You can diversify your investments simply by adding a couple funds to your portfolio. You might put 10% of your money into a bond fund, for example, and 10% into a real estate investment trust (which is like a mutual fund for real estate). In the same way that it's better to own more than one stock, it's also better to own more than just stocks.

The two best discussions of diversification I've found are in:

These are both great books for beginning investors. They're not technical, and they approach the subject with the average person in mind. Both of them note that there are several ways to approach diversification, including:

  • Diversification among stocks. “If you want to take some extra money and gamble it on some high-flying biotech stock, go ahead,” Malkiel writes. “But for your serious retirement money, don't buy individual stocks — buy mutual funds.” In particular, he recommends a portfolio of index funds.
  • Diversification among asset classes. In Investing 101, Kristof spends 32 pages discussing the importance of diversification, exploring different asset classes in detail. She discusses investing for safety (with cash or cash equivalents), investing for income (with certificates of deposit, Treasury bonds, REITs, etc.), investing for growth (with stocks and mutual funds), and investments that protect you from inflation (such as precious metals). She discusses the pros and cons of each class, and explains why the ideal portfolio has a little of each.
  • Diversification over time. Many investors practice dollar-cost averaging as a means to mitigate risk. (Though most of us dollar-cost average because we don't have huge lump sums to invest.) Malkiel writes, “Periodic investments of equal dollar amounts in common stocks can reduce (but not avoid) the risks of equity investment by ensuring that the entire portfolio of stocks will not be purchased at temporarily inflated prices.” (Please note that dollar-cost averaging has critics with valid points.)

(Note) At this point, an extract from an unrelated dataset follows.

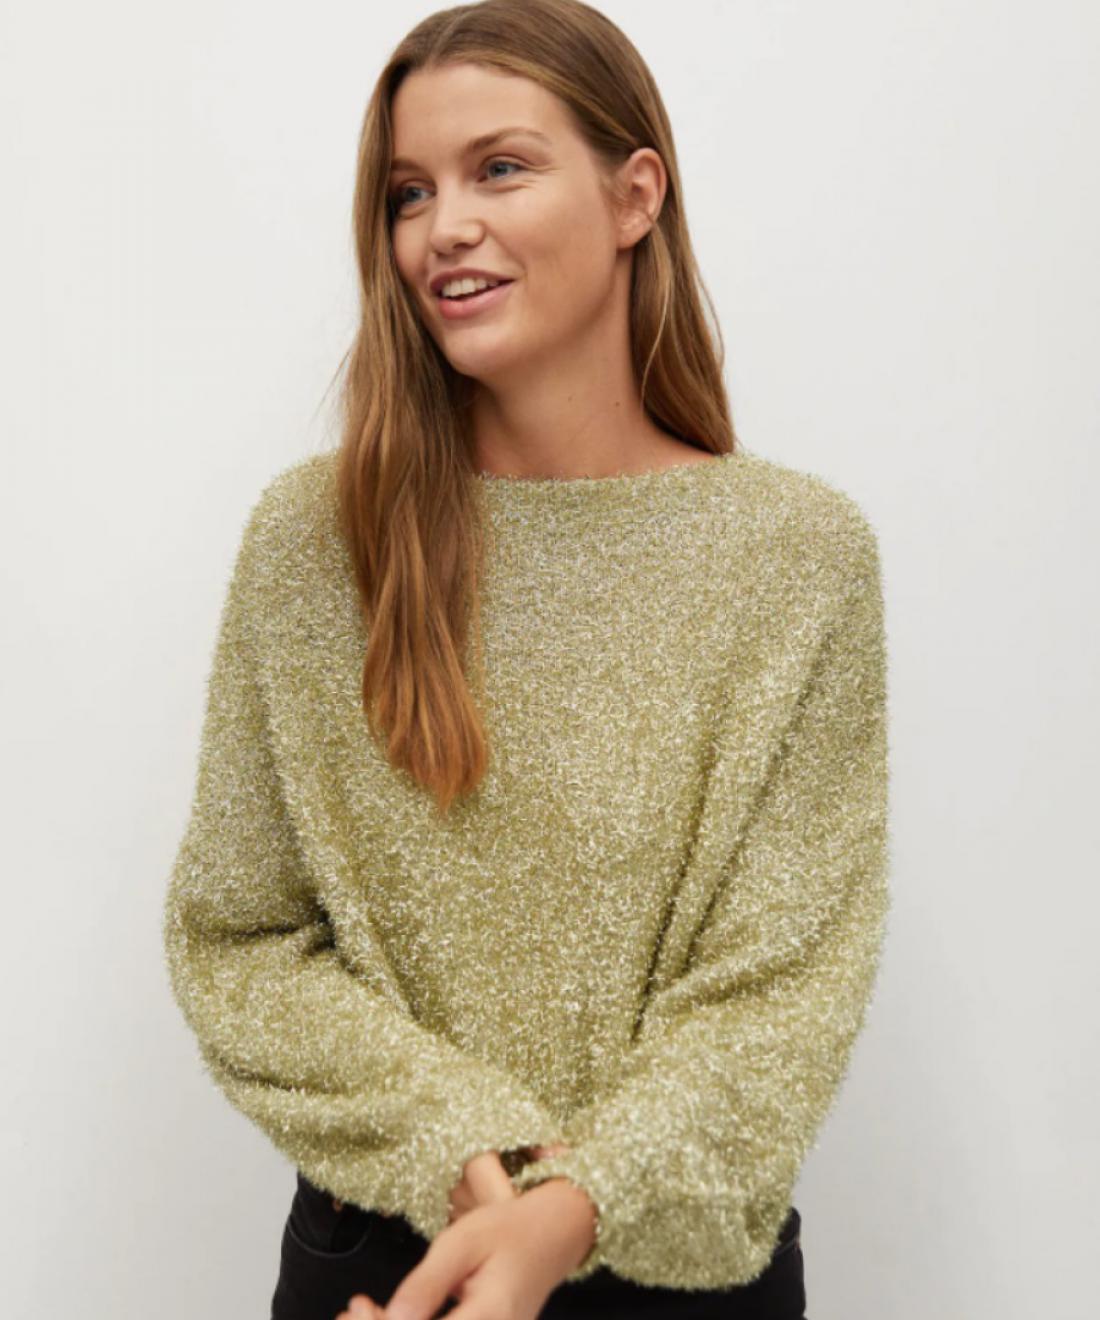 Bleščeč pulover, Mango outlet, 19,99€
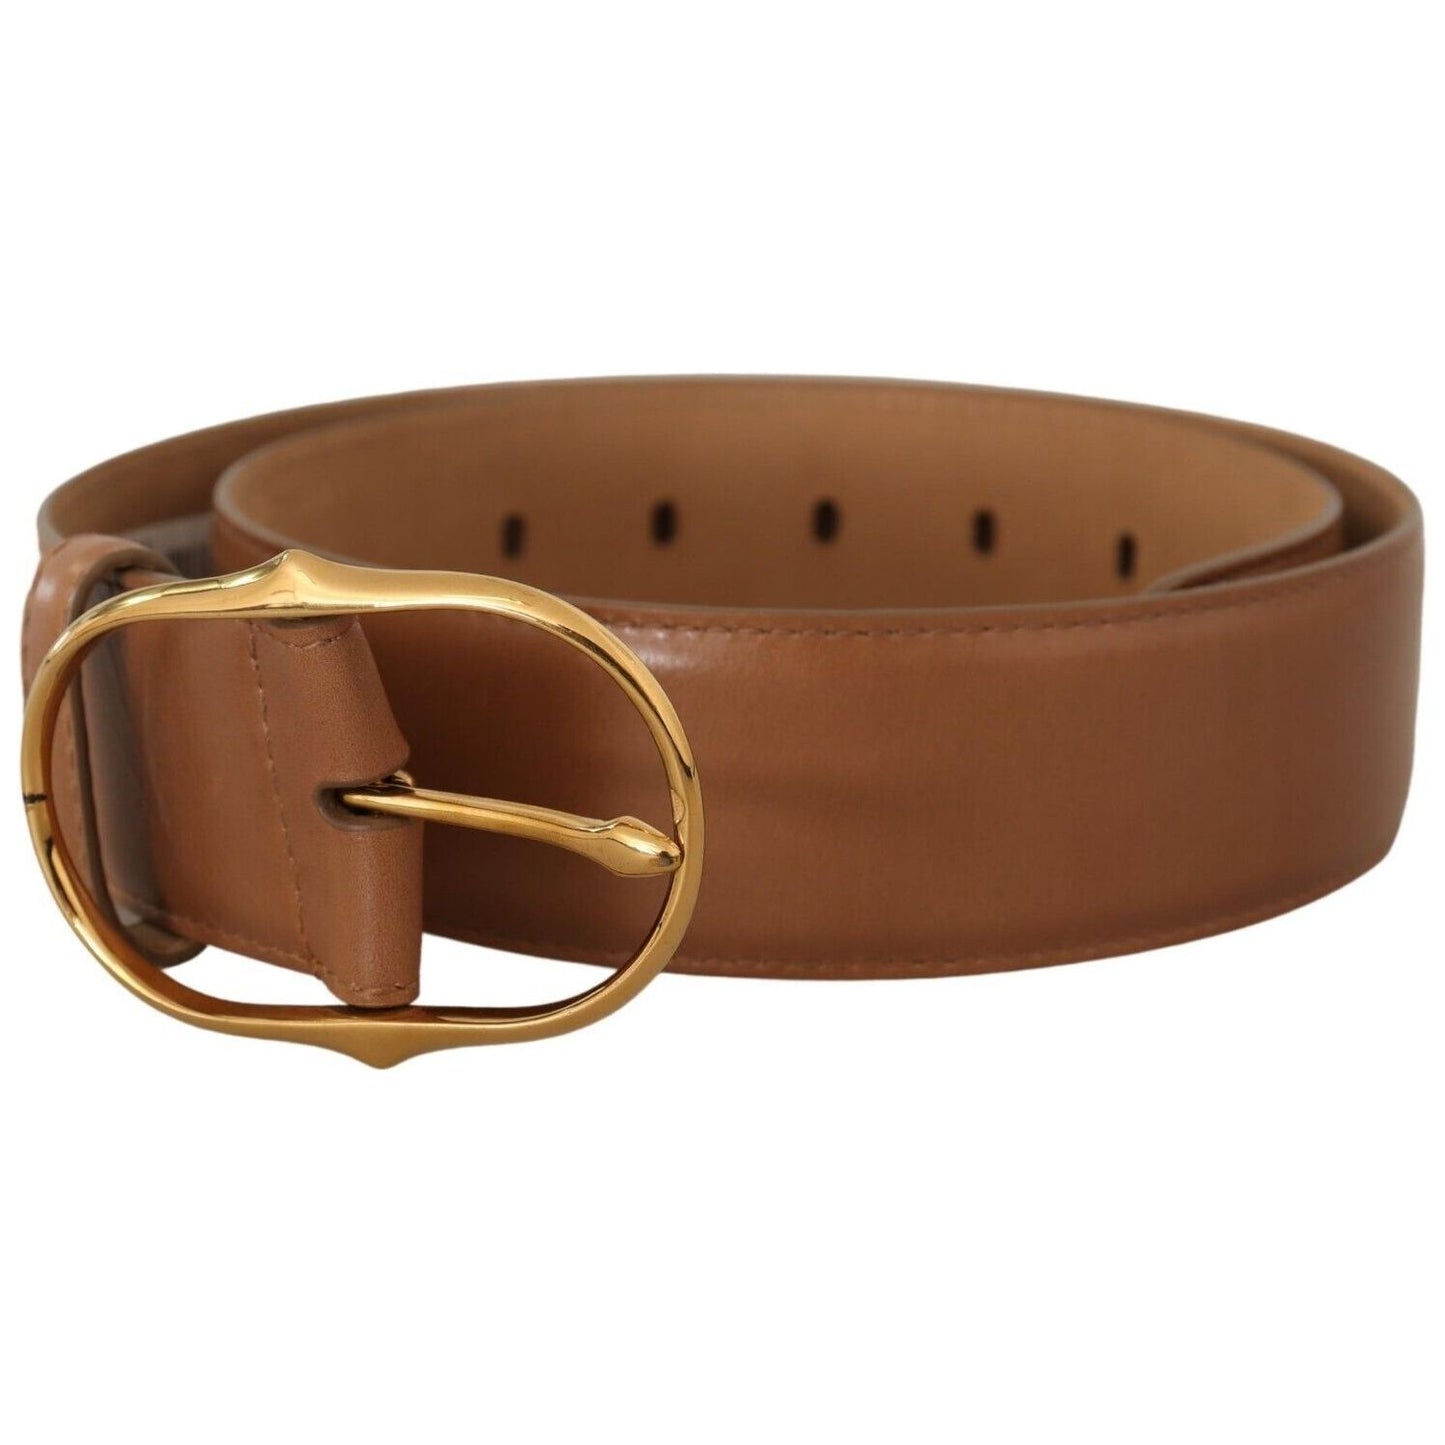 Dolce & Gabbana Elegant Gold Buckle Leather Belt brown-leather-gold-metal-oval-buckle-belt

Some investors also diversify internationally, or within asset classes (owning both CDs and Treasury bonds, for example).

How much should you diversify? And which investments should you choose? There's no one right answer. The answer depends on you and your financial goals. The U.S. Government Securities and Exchange Commission has an excellent beginners' guide to asset allocation, diversification, and rebalancing. If you'd like to learn more about this subject, it's a great place to start. (I also found an asset allocation calculator, but I wouldn't take the results as gospel. Use them as a starting point, but make your own decisions.)

If you had to choose just three types of assets that should be in a well-diversified, long-term investment portfolio, what would they be? If we polled the Get Rich Slowly audience, we'd get a range of responses to that question. However, I think plenty of folks would have answered “bonds, U.S. stocks, and international stocks.” Which is perfect, because those are the investments in the demonstration of asset allocation that I'm about to embark upon.

Let's look at the returns of three mutual funds from 30 June 1989 to 30 June 2009: The Fidelity Intermediate Bond Fund (FTHRX), which holds bonds that mature in five or so years; the Vanguard 500 (VFINX), which very closely mimics the performance of the Standard & Poor's 500 index of large U.S. stocks; and the T. Rowe Price International Discovery Fund (PRIDX), which invests in small companies from all over the world.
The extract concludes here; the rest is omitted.